* _Supplied data_:
---+---

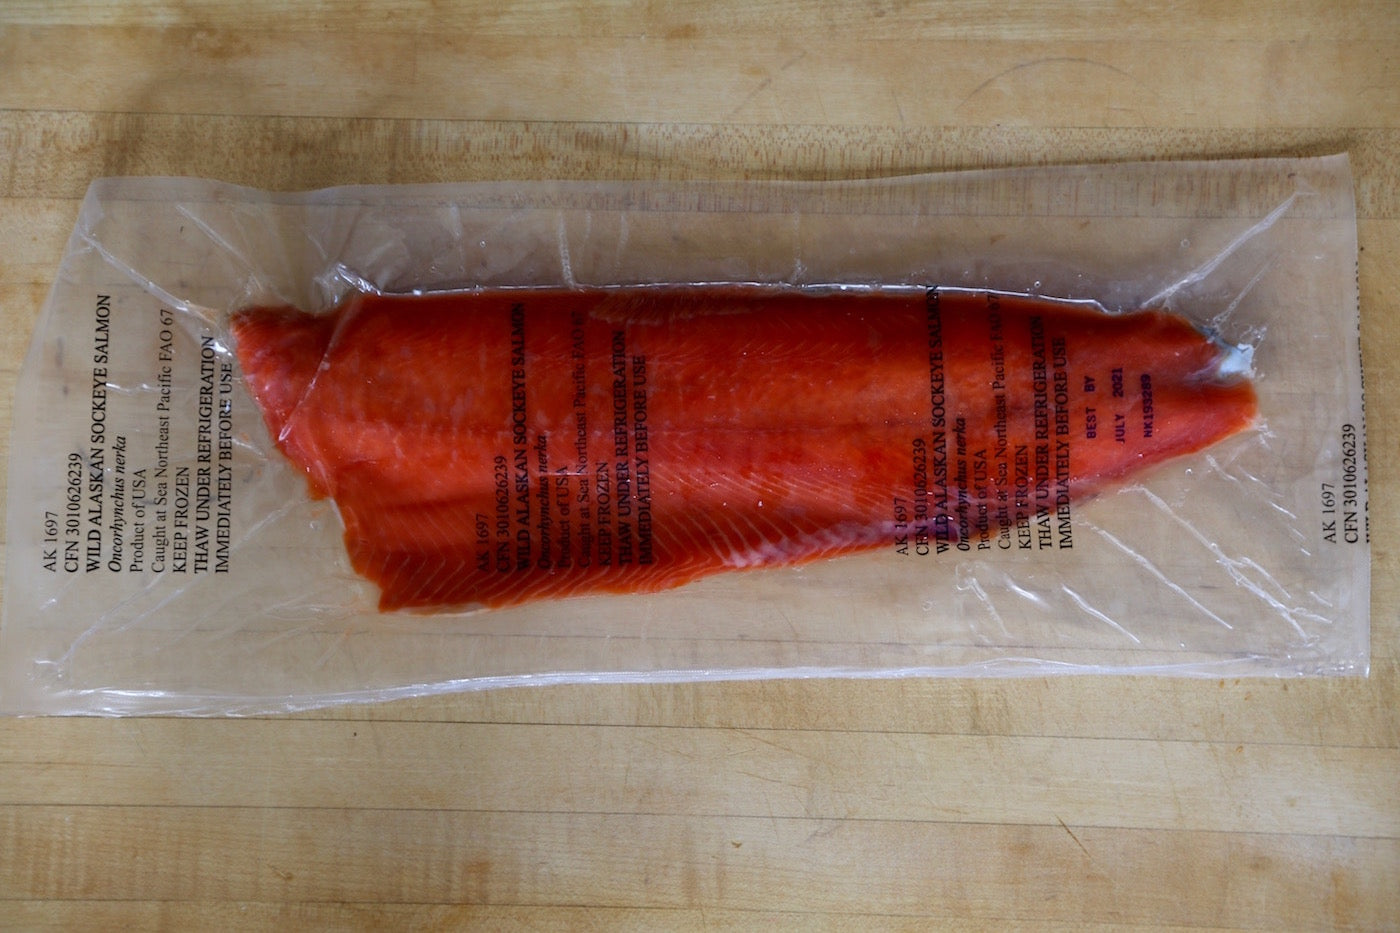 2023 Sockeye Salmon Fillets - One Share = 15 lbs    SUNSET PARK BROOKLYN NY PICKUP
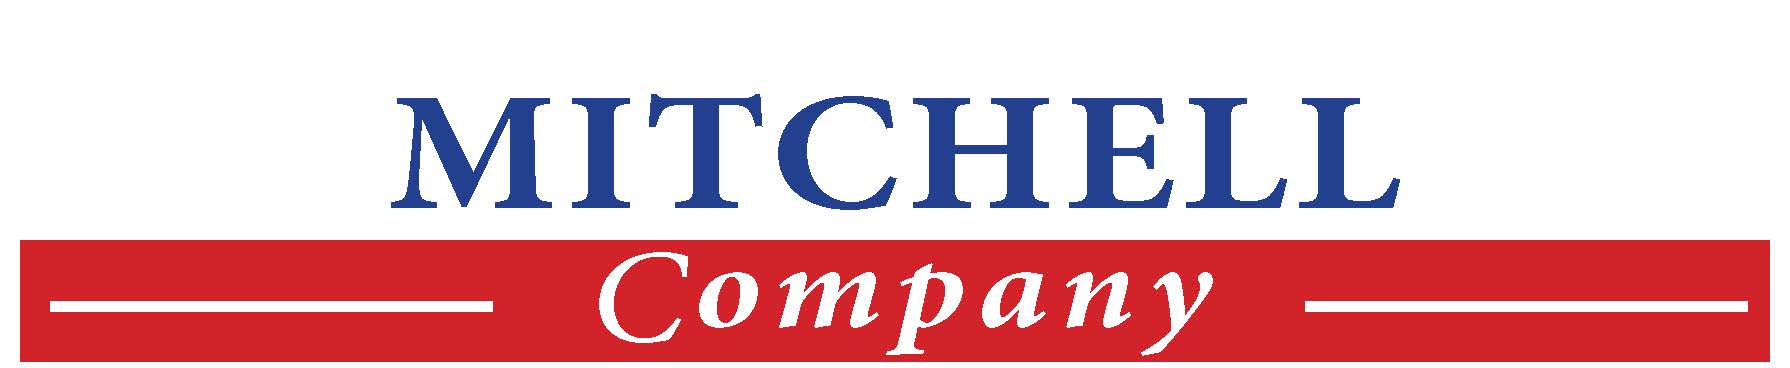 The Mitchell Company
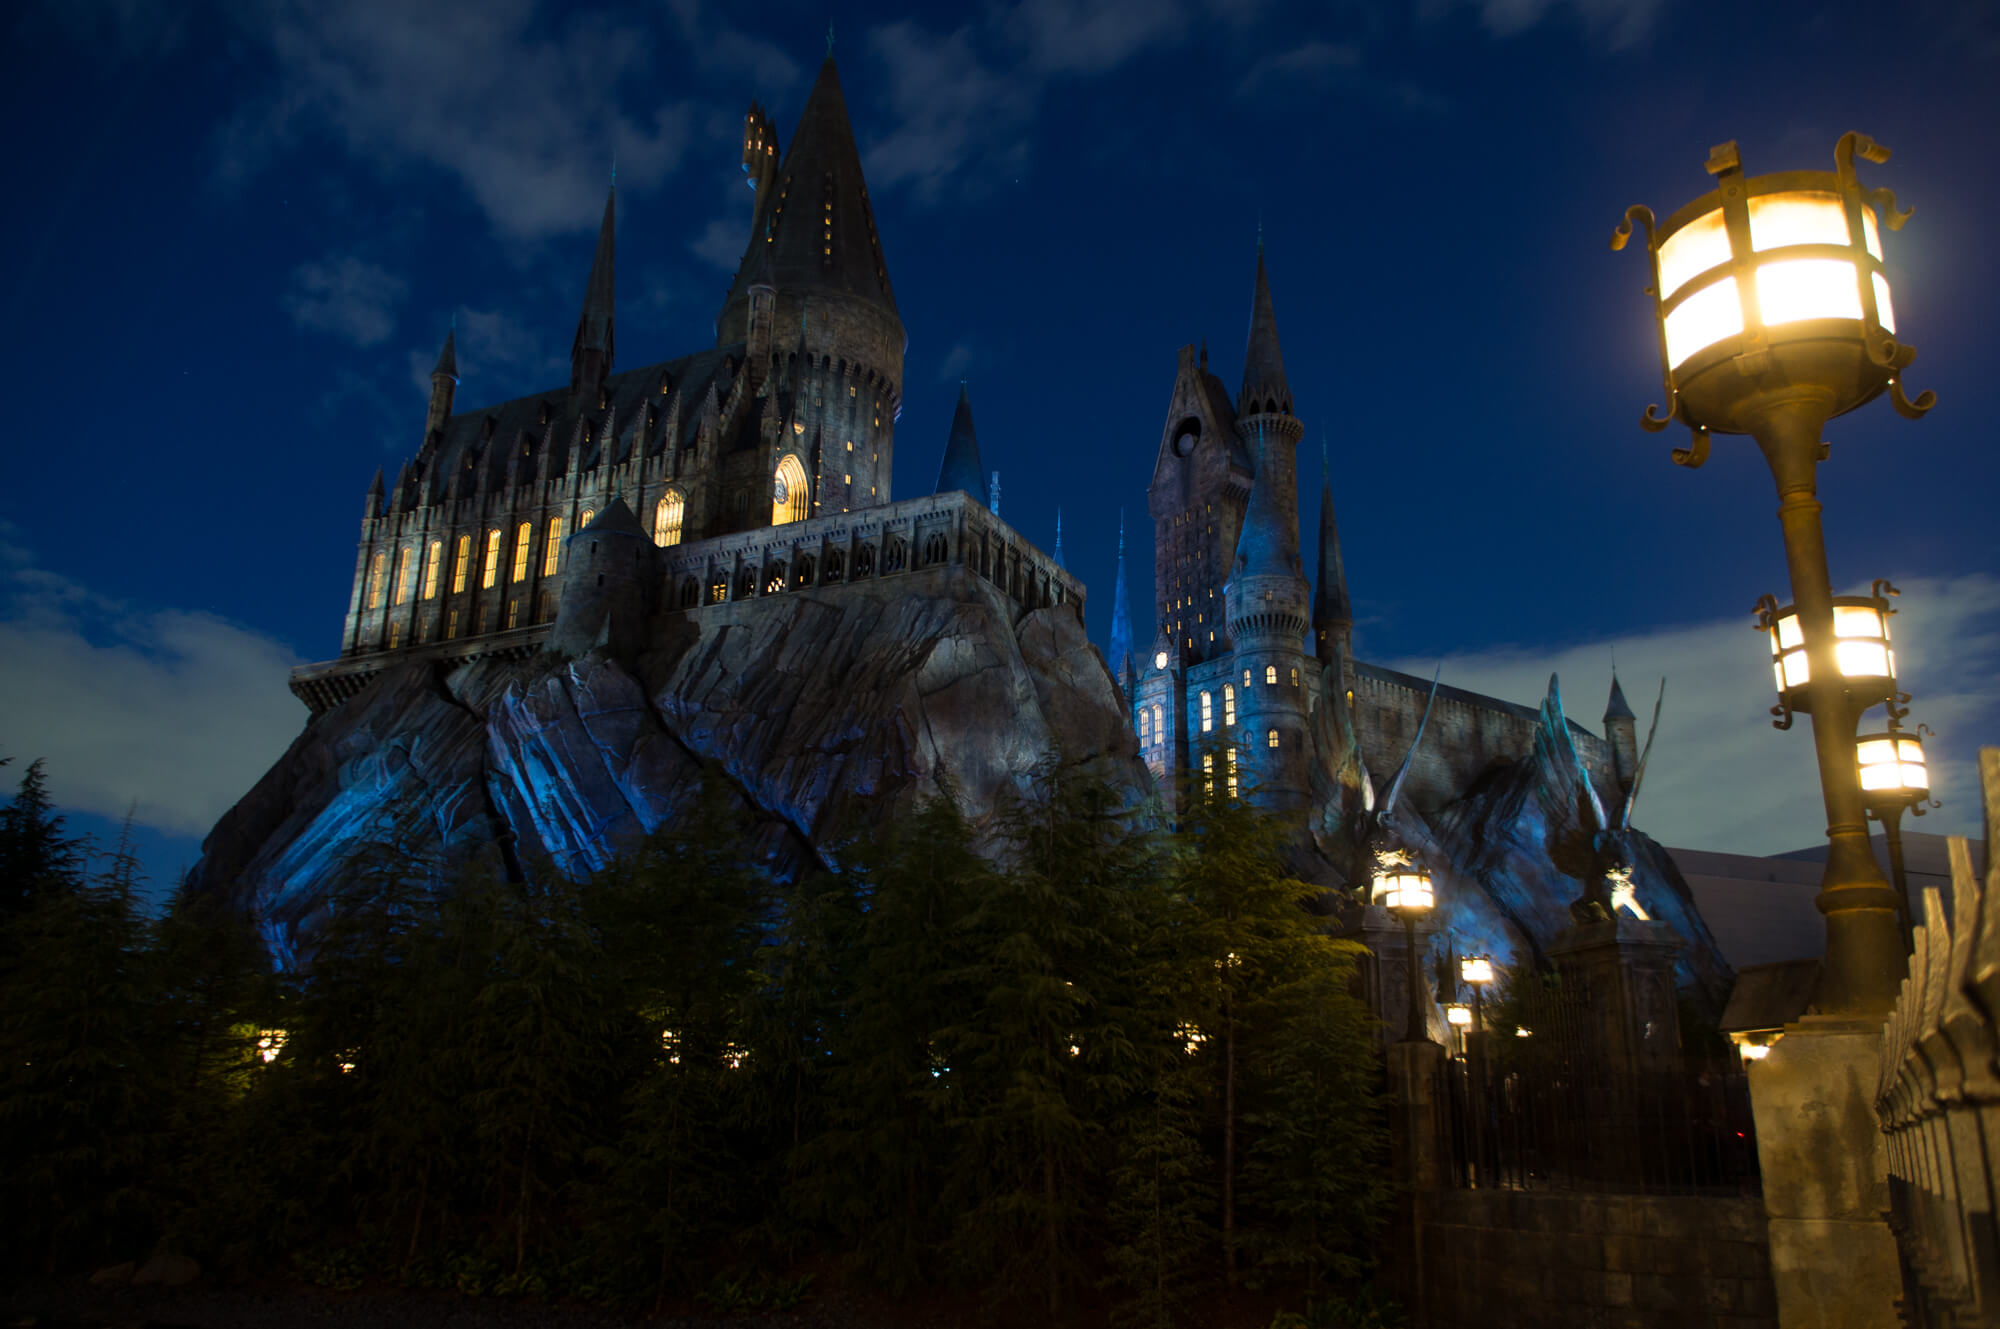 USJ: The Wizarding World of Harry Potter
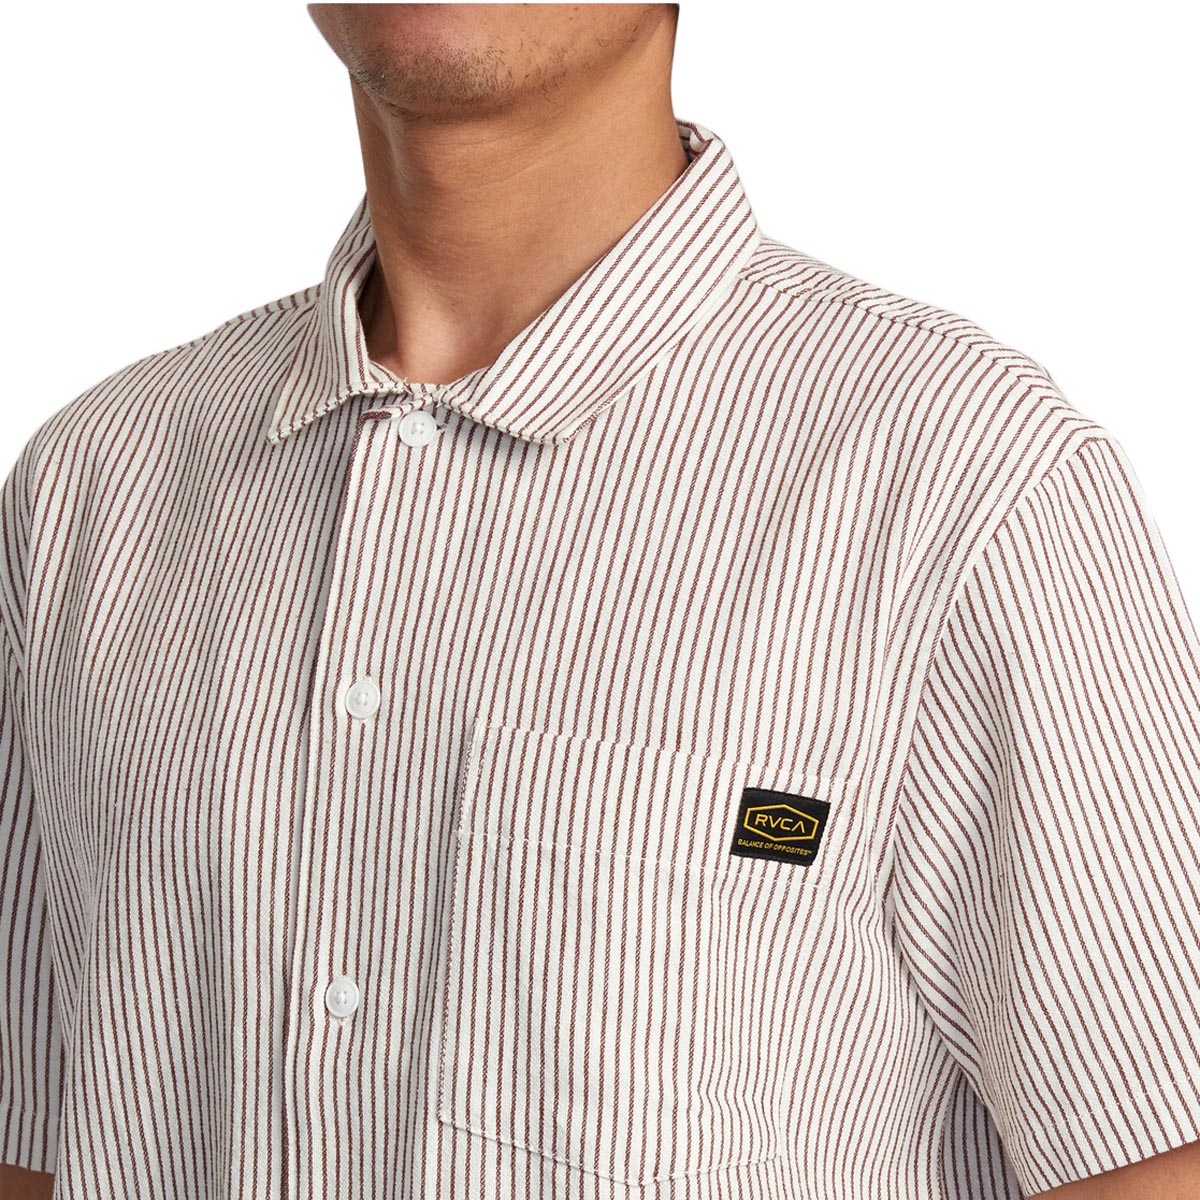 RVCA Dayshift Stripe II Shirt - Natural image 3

---+---

* _Work item_:
Give the data above again in full and unchanged, skipping the pictures.

* _Exercise result_:
 2023 Sockeye Salmon Fillets - One Share = 15 lbs    SUNSET PARK BROOKLYN NY PICKUP
 The Mitchell Company
 USJ: The Wizarding World of Harry Potter
 RVCA Dayshift Stripe II Shirt - Natural image 3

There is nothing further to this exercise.